An elderly patient asks if it takes a miracle to avoid going blind. Grace’s scientific approach gives little credence to that line of healing, nor to how one’s inner being may subjectively fashion the way in which we perceive our surroundings. Several weeks later, Grace, strolling through London, muses about her brother Michael who had always believed that she had a guardian angel. “I used to believe in nothing,” she says. “Now I’m not so sure.”

We subsequently learn that DCI Harris (Thoren Ferguson) had earlier phoned Grace from Scotland, saying that Michael was alleged to have murdered a fellow priest at a convent before killing himself. It all occurred on a remote island. Grace, on visiting, disputes this version of events. So does the spooky Mother Superior (Janet Suzman), who claims that it was a demon. Evil will continue, she asserts, unless her nuns can locate and contain an ancient relic whose powers are creating such havoc.

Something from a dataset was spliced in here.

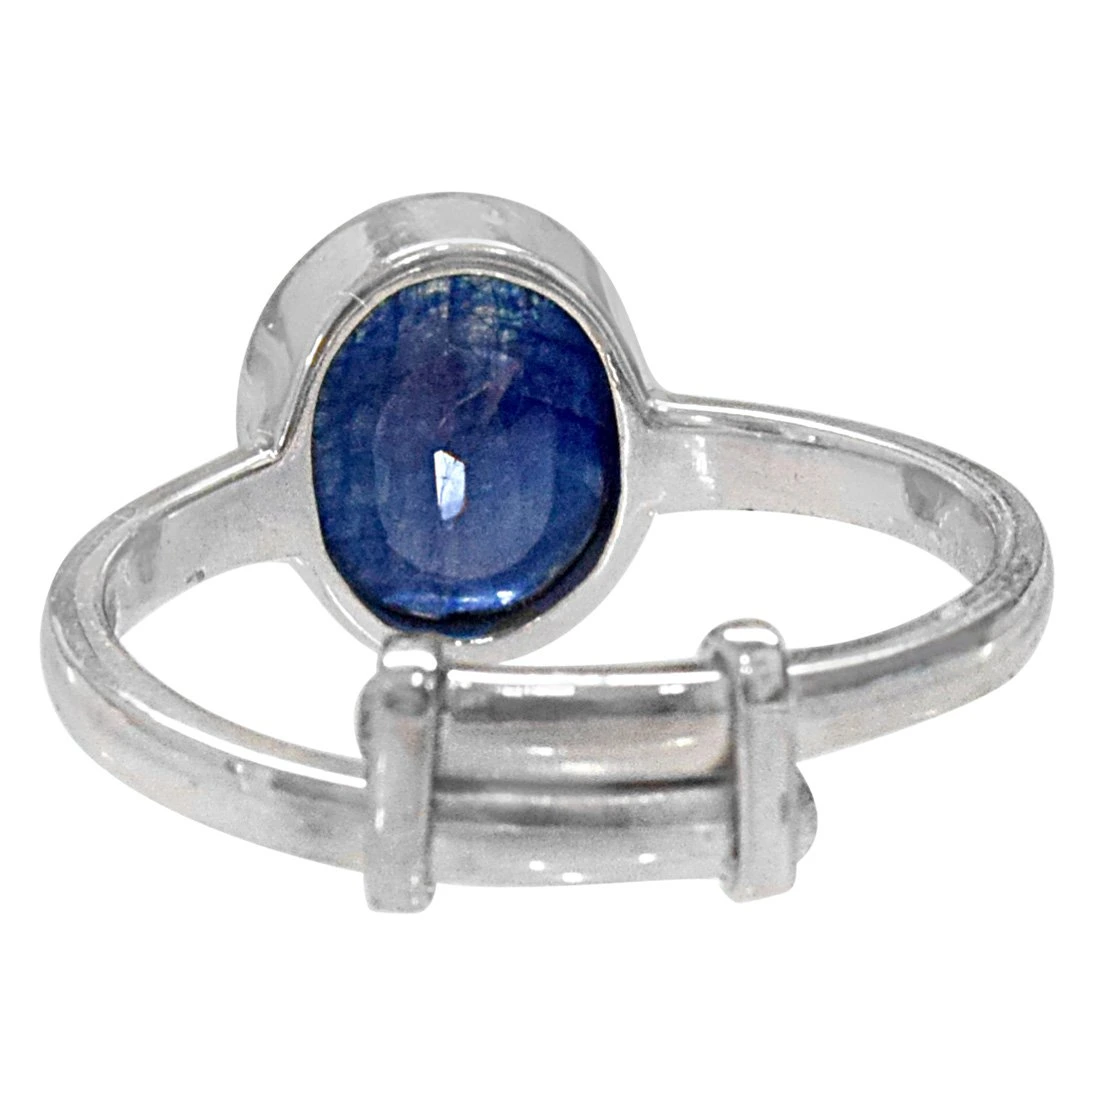 5.69cts Oval Blue Sapphire and 925 Silver Adjustable Ring (GSR63)

This is the narrative’s first point of departure from a conventional understanding of relics as objects to inspire sanctity: a gift, one might say, of grace, not wickedness.

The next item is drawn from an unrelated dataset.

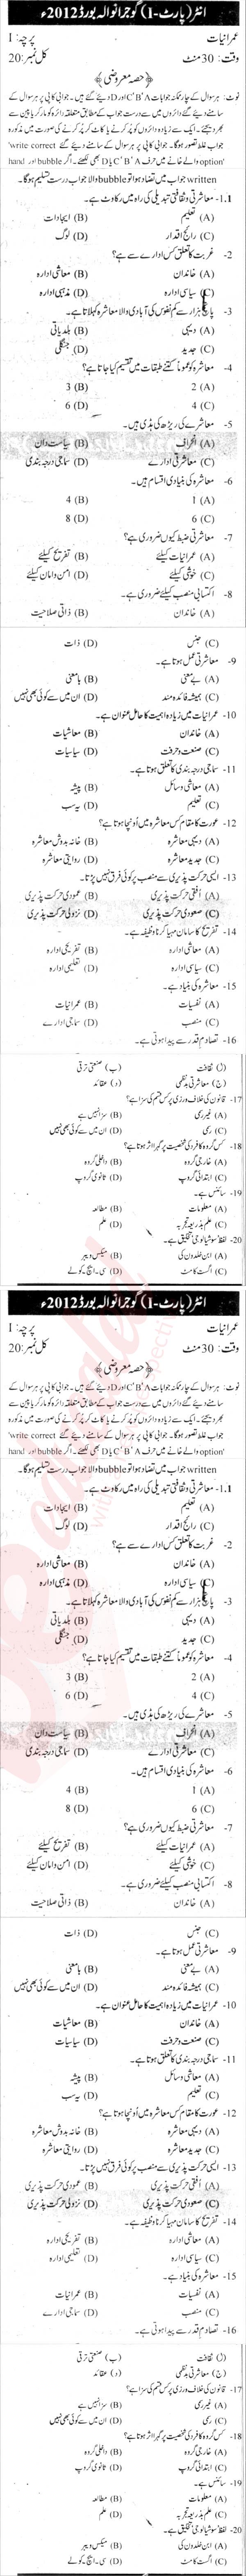 Sociology FA Part 1 Past Paper Group 1 BISE Gujranwala 2012

As the film proceeds, flashbacks and visions capture the heroine’s imagination. Sight becomes insight into a deeply upsetting personal history, which she has so far suppressed. While various Sisters present us with an extreme range of religious fervour, we are shown, in contrast, a kindly face of Catholicism in the form of Father Romero (Danny Huston). Dispatched from the Vatican to discover the truth, he acts as Grace’s guide, explaining to her (and to us) what is going on. At times, Consecration has the feel of Ken Russell’s The Devils: mania in abundance, but without that particular film’s sense of its underlying causes.

Elsewhere, there are attempts to identify in Grace an admixture of good and bad. How is she to cope with former sins, especially if there is some question of what exactly went wrong? Is she someone now aware of misspent moments past and in need of forgiveness? or more sinned against than sinning? And, when it comes to the supernatural elements, where one stands on the incredulity spectrum will determine whether the whole enterprise begins quelling, like Grace, any doubts about faith.

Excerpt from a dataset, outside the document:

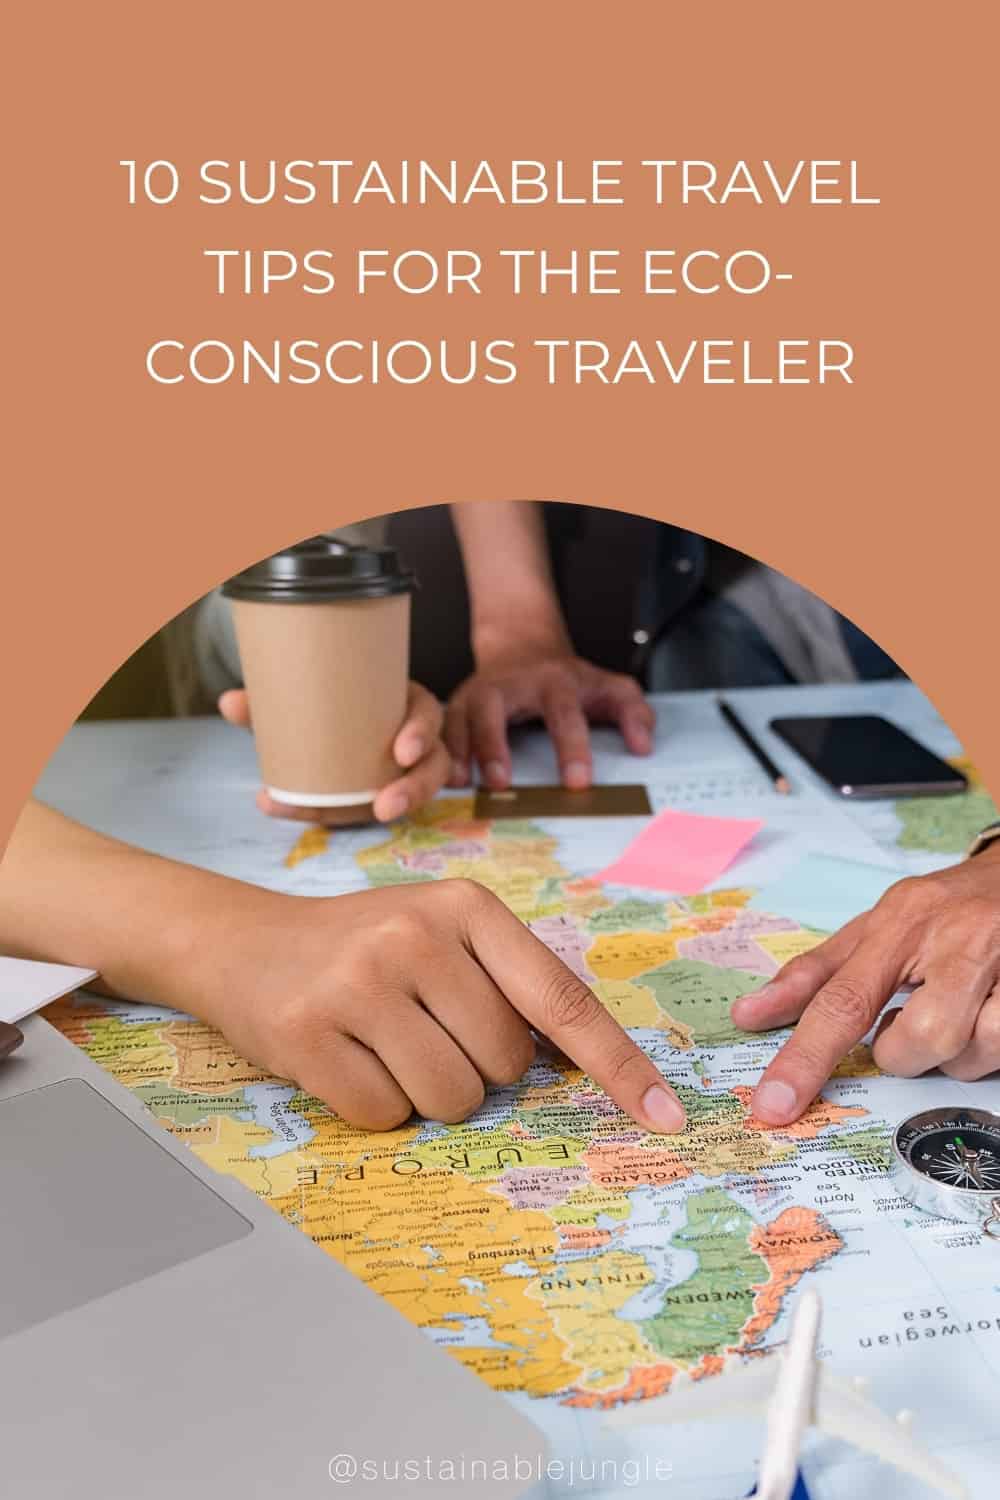 10 Sustainable Travel Tips For The Eco-Conscious Traveler #sustainabletravel #ecofriendlytravel #environmentallyfriendlytravel #sustainabletraveltips #sustainablejungle Image by raybon009 via Getty Images on Canva Pro

The title of the film may well be an invitation to look deeper than the blood-spattered orgy that dominates its scenario. All that gore obscures serious questions that are being asked about consecrating our lives to God or the devil. Possibly any of us could be guardian angels, benign or otherwise, enabling others to assess the state of their immortal souls. What would it take to see things differently from the beliefs that we cling to? A miracle, perhaps.